Do these people think of the poor people who have to back-announce their songs?

[Video][Website]
[4.10]
Anthony Easton: Dominique Young Unique has a great voice. The production is not aggressive enough to sustain her.
[4]
Iain Mew: Chiptune’s been making pop progress for ages, but the instrumental interlude in the middle of “Earthquake” may mark a new frontier. The UK top 5 has surely never previously had anything that sounded so straight out of Super Metroid‘s darkest atmosphere. It’s a startling moment, but mostly for being so out of nowhere. The blorps and lasers elsewhere come from an adjacent universe, but they’re working to a different set of rules, plug-in abrasion effects rather than an essential part. The rest of the track isn’t as imposing as it needs to be to get away with being so slow, and Dominique Young Unique doesn’t get the time or context to make much of her performance.
[4]
Patrick St. Michel: Bargain-bin TNGHT featuring forgettable rap verses plus laser sounds Flying Lotus doesn’t even mess with anymore.
[1]
Daniel Montesinos-Donaghy: An opening rattle from Diplo holds a riff akin to a 16-bit end-of-level celebration in active decay; Dominique Young Unique barrels through a verse and Master of Ceremony duties and DJ Fresh places tables and Cabaret Voltaire-esque experiments side-by-side.
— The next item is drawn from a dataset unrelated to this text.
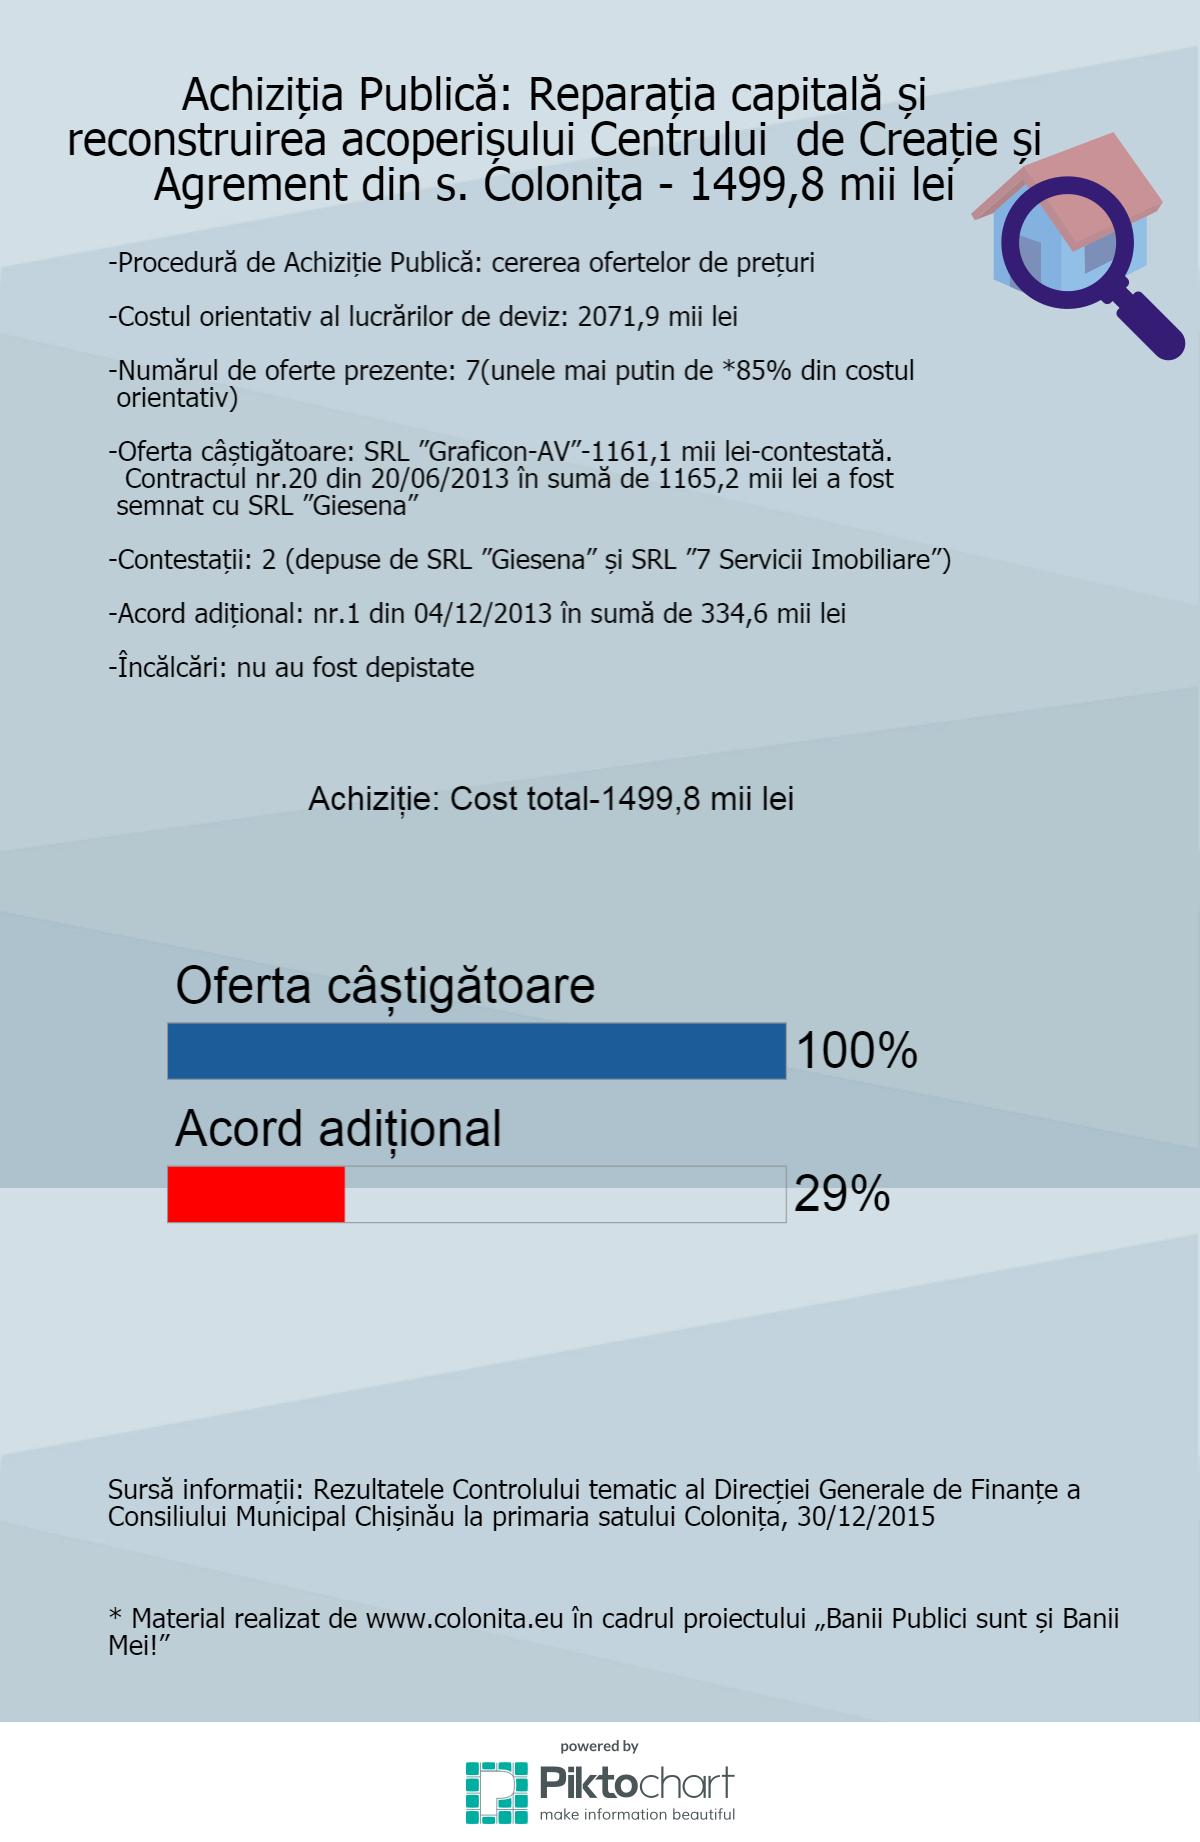 achizitii-2013-1-reparatia-centru-creatie (1)
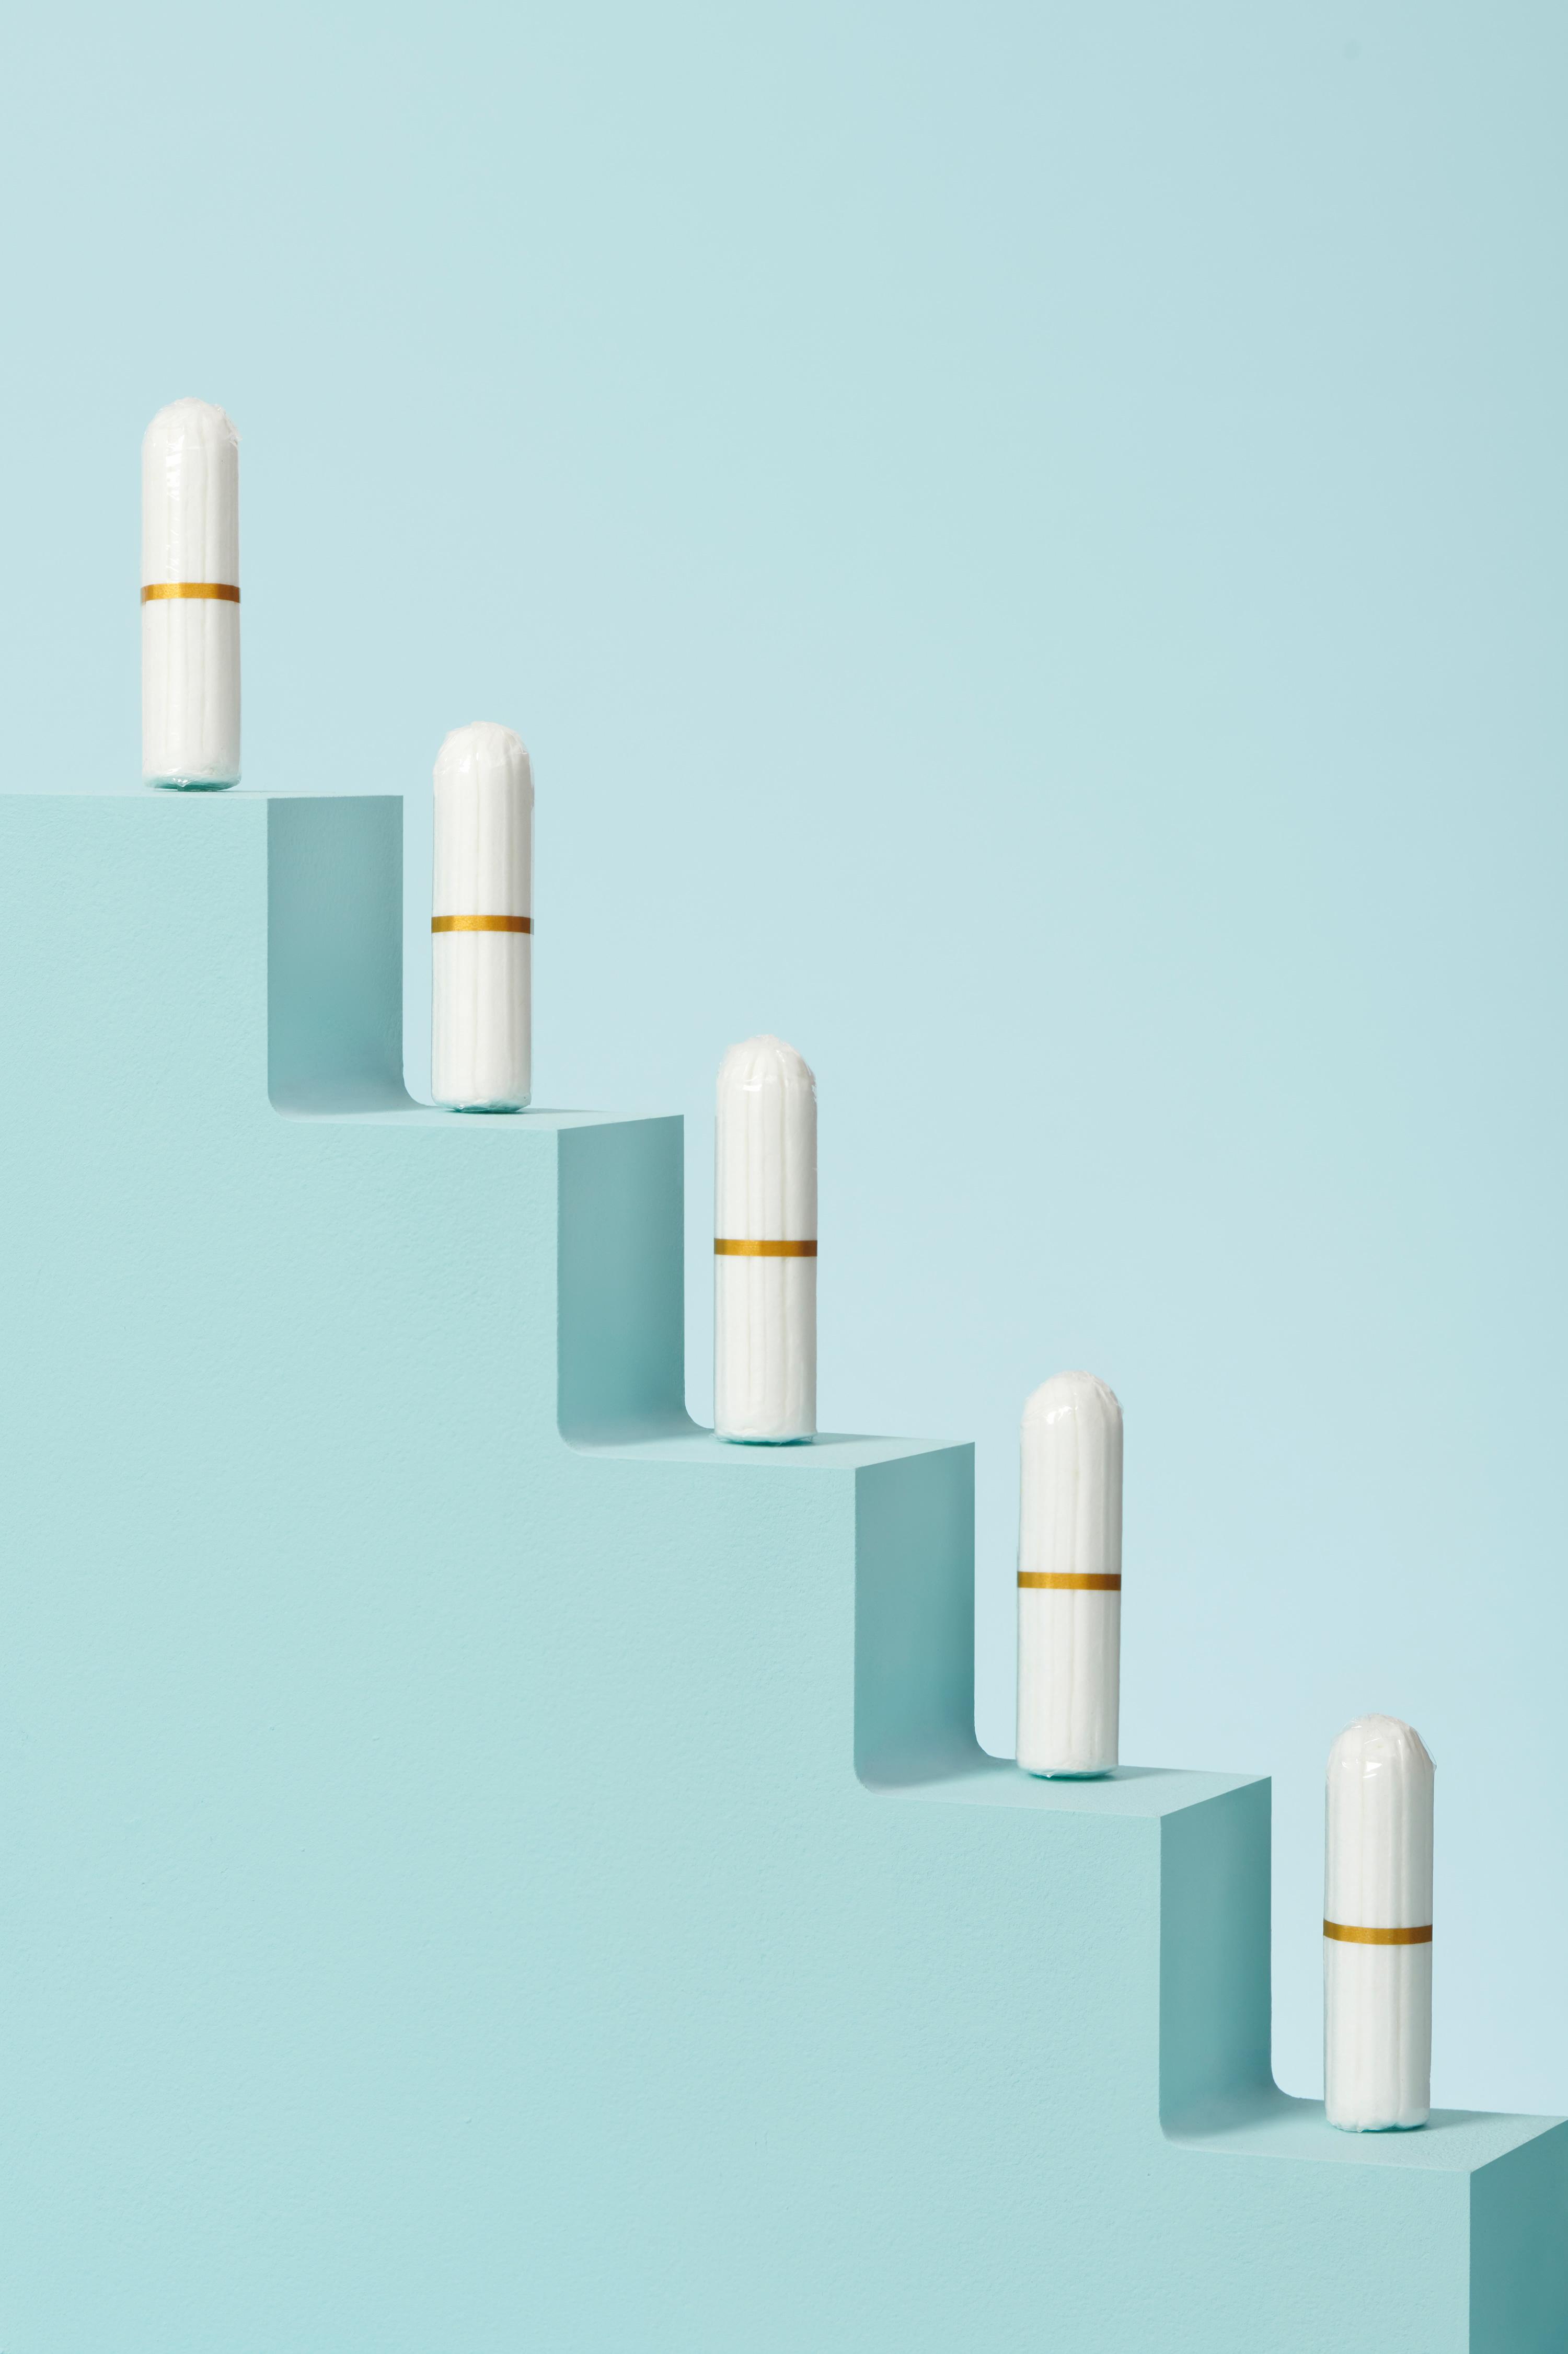 lot de 16 tampons bio pour flux normal - escalier

For the detractors, Diplo lords over the track, the choppy buzzing bearing little resemblance to Fresh’s work. Meanwhile, Dominique functions as little more than an aesthetic foothold to the Floridian music scene Diplo represents. That’s the tricky thing about Diplo – just when you think you love him, you don’t, and vice versa. Expect this to continue, “Earthquake” or no.
[5]
Alfred Soto: It’s amazing how little you can do with a noisemaker and Atari synths.
[1]
Crystal Leww: The parts of this song are really just some well known dance music elements at this point from the windup noise that was used in Major Lazer songs to the bleets when the vocal drops out to the still bangin’ “Teach Me How to Dougie” drums. It’s all sort of thrown-together hodge-podge and Dominique Young Unique is thrown on top of that. It shouldn’t really work, but it would absolutely work in a DJ set. Every time one of those elements comes in or drops out, I can just imagine a bunch of people going nuts. Still, it makes Dominique Young Unique less charming than any of her solo work. Banner producers should highlight, not stifle, personality.
[5]
Jonathan Bogart: DJ Fresh and Diplo drive their vapid air-raid riffs into the ground, but not even their aging simulacrum of badass can slow down Dominique Young Unique’s real thing.
[6]
Brad Shoup: “I want to hear that mixtape, I really do. But like, for now, could you just give me the gist of it?”
[4]
Scott Mildenhall: DJ Fresh seemed to be working on diminishing returns last year when he followed the uninspired “The Power” with the none-more-anonymous “The Feeling,” but now he’s found something that’s anything but wallpaper, something a little more… unstale. Unstable, too (now that is apt), less a song than a series of ideas scattered around a fact, and an entertaining one at that. Everything — even Young Unique — is placed secondary to the drop. It’s disparate, maybe even a mess, but it works, just about.
[6]
Will Adams: The mixing is just terrible; an overdriven low end crowds out what little high frequency the hi-hats give, and the hard compression makes the song sound like it’s driving over a bumpy road. Dominique Young Unique does her best to push through and ends up showing some promise, but even she has to play second fiddle to the overbearing instrumental.